Лохарн
То подолгу, то изредка, и в горе, и в радости, и в лад, и невпопад, и возмужавшим, и юным — вот уже пятнадцать лет, а может, столетий, живу я в этом, не ведающем времени, прекрасном, чудном (и чудном) городе, в этом ‘ далеком, потерянном, достойном уголке, где водятся цапли, бакланы (здесь их называют морскими воронами), где стоит замок, кладбище, где кругом чайки, призраки, гуси, склоки, страхи, скандалы, вишневые деревья, загадки, галки в дымовых трубах, летучие мыши на колокольне, тайные грехи, пивные, слякоть, моллюски, камбала, кроншнепы, дождь и добрые, порой излишне добрые, люди; и пусть я по-прежнему здесь чужой, но уже вряд ли кто-то швырнет в меня камнем на улице, а нескольких горожан да иную встречную цаплю я могу называть по имени.
Одни люди живут теперь в Лохарне потому, что родились в Лохарне и не находят повода для отъезда; другие перебрались сюда по ряду странных причин из такой дали, которая несбыточна, как Зазеркалье или даже Англия, а потом растворились в сутолоке местных жителей; одни вошли в город под покровом тьмы и сразу исчезли, но порой они выдают себя, нарушая покой кромешной ночи в заброшенных домах, а может быть, это дышат белые совы, прижавшись друг к другу, словно привидения в постели; другие почти наверняка попали сюда, скрываясь от международной полиции или от жен; а есть и такие, кто по сей день не знает и никогда не узнает, зачем они вообще здесь: вы встречаете их посреди недели, когда они медленно, безучастно бредут по улицам, словно валлийские курильщики опиума, в полусне, в тягостном, нелепом оцепенении. А некоторые, вроде меня, просто заехали однажды на денек, да так и остались, вышли из автобуса и забыли вернуться. И неважно, каковы причины нашего пребывания здесь, в этом не ведающем времени, кротком, похожем на обманчивый остров городе, где всего семь закусочных, одна действующая церковь, одна часовня, одна фабрика, два бильярдных стола, один бар «Сенбернар» (без спиртного), один полицейский, три речки, море, что является по часам, один «роллс-ройс», с которого продают рыбу и жареный картофель, одна пушка (чугунная), один судья (из плоти и крови), один судебный пристав, один Дэнни Рэй и изрядное количество всякого разношерстного люда, но все-таки мы здесь, и другого такого места нет нигде.
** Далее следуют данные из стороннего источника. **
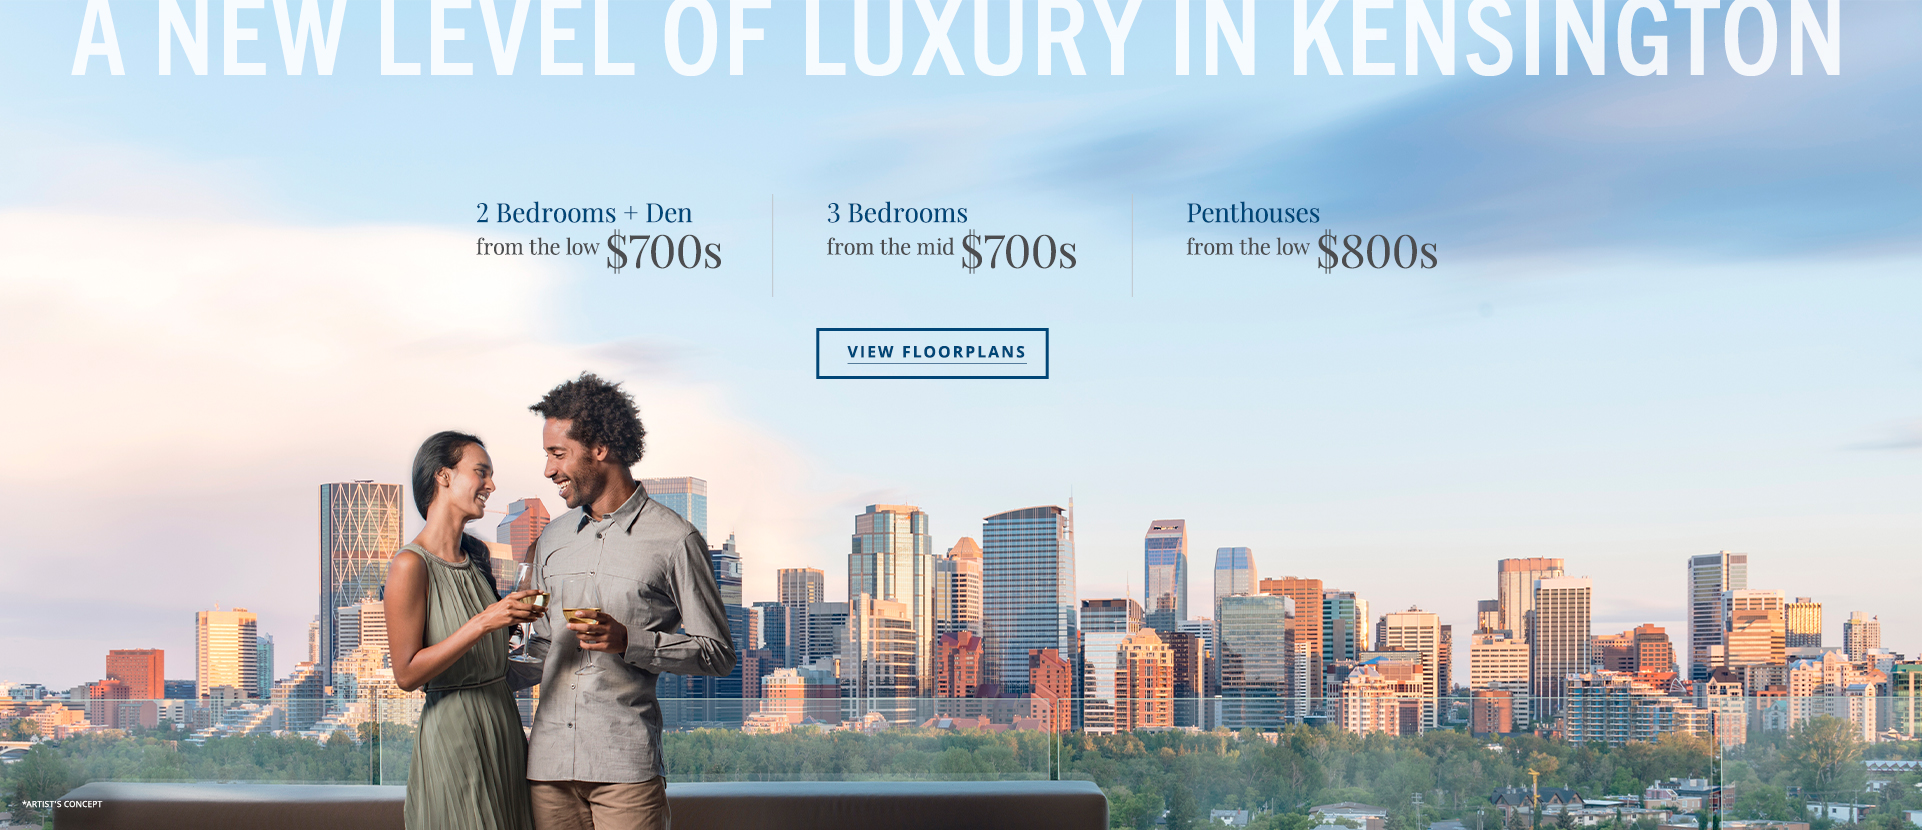 graphic: Man and woman standing on the balcony with the Calgary skyline in the background. text: A new level of luxury in Kensington. The Reserve Collection at the Theodore
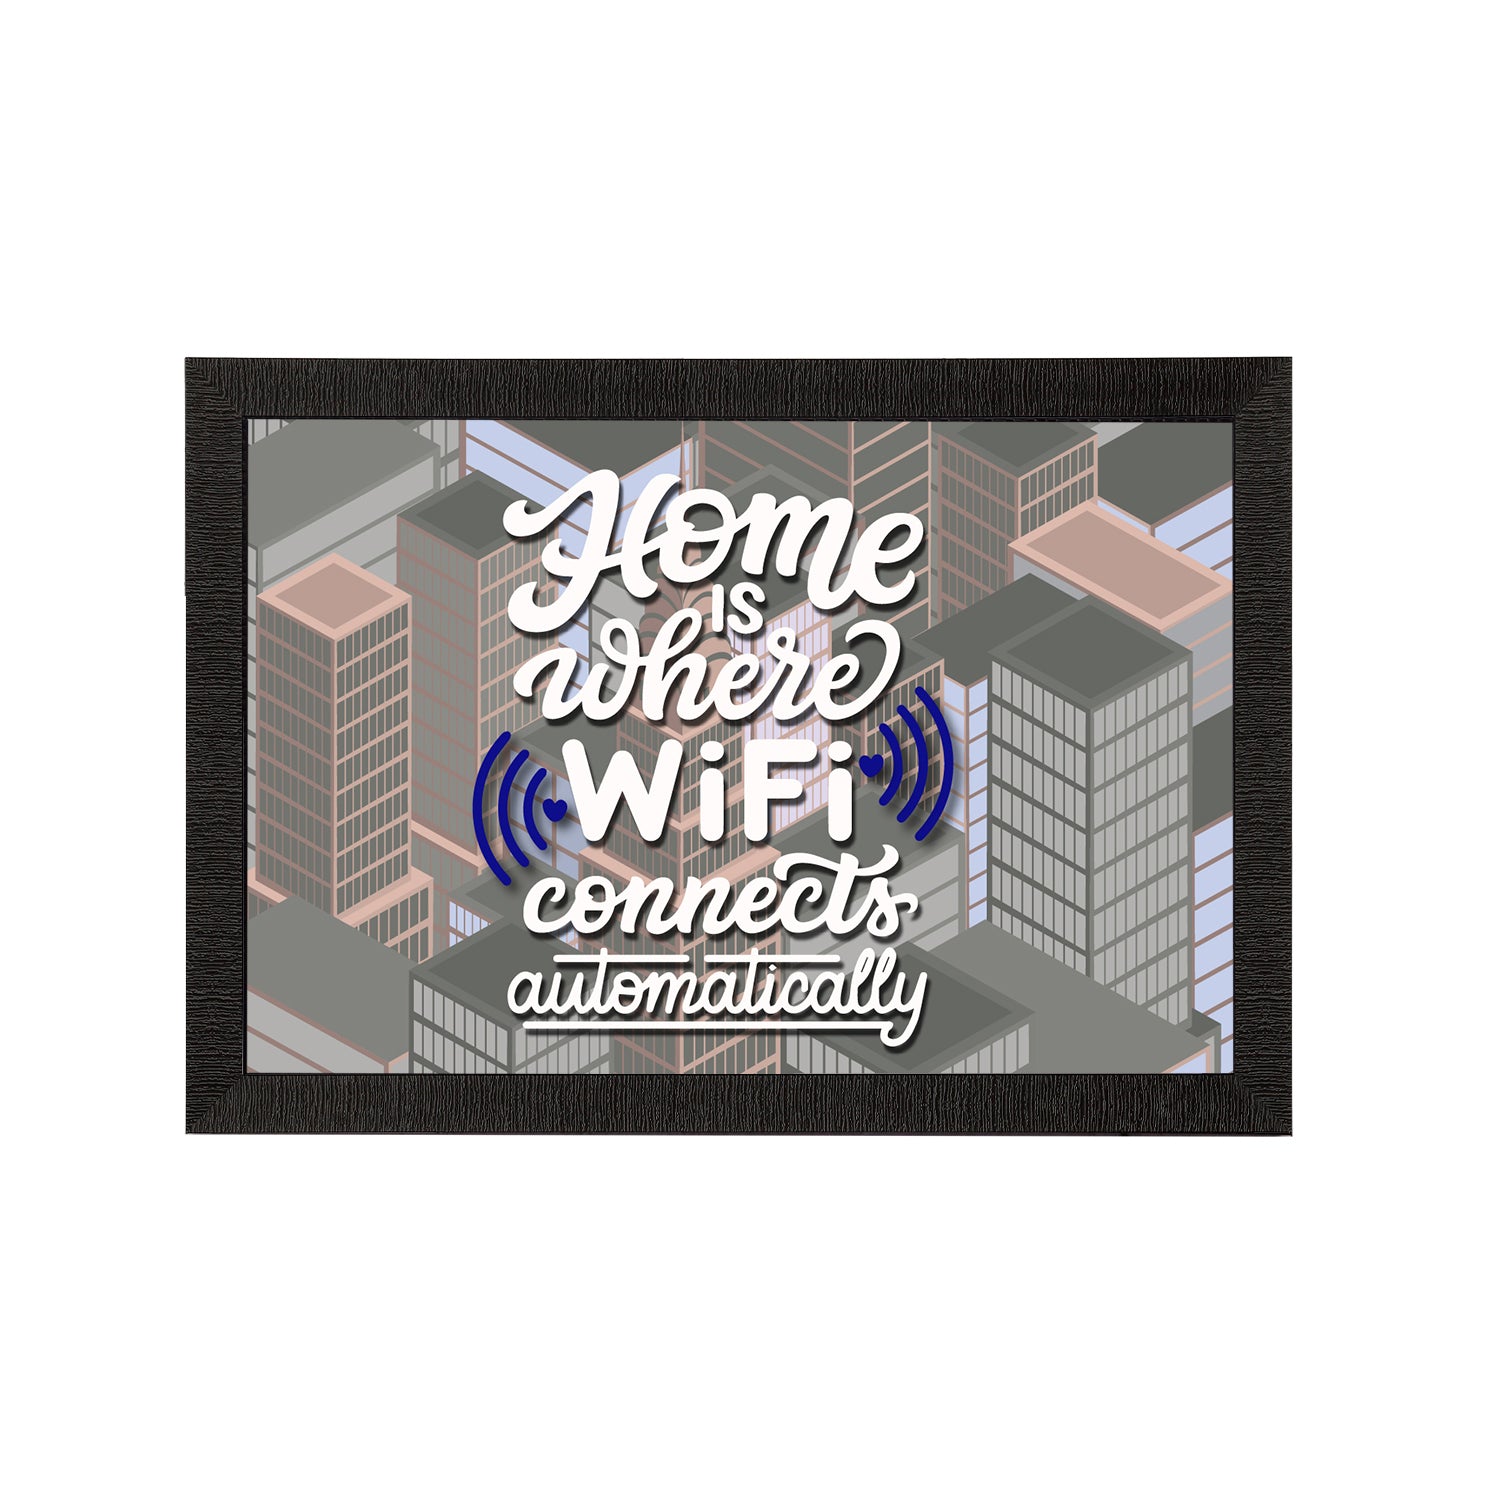 Home Is Where WiFi Connects Automatically" Motivational Quote Satin Matt Texture UV Art Painting

А если в соседней деревне или городке вы скажете, что живете в этом диковинном, в этом затаившемся, ветхом, захолустном Лохарне, где кое-кто готов уйти на покой, еще не начав трудиться, и где в дальний путь всегда отправляются на велосипедах, преодолевая лишь несколько сотен ярдов; вот тут-то самые осмотрительные отходят бочком, начинают шептаться и причитать, подталкивать друг друга локтем и спешат спрятать все, что плохо лежит!
«Лучше держаться от них подальше, пока ничего не стряслось», — говорят о вас.
«У них в Лохарне даже багры из рук валятся, когда причаливают лодки».
«Там женщины с перепончатыми ногами».
«Смотри, чтобы тебя не сглазили!»
«Не приведи Господь попасть туда в полнолуние!»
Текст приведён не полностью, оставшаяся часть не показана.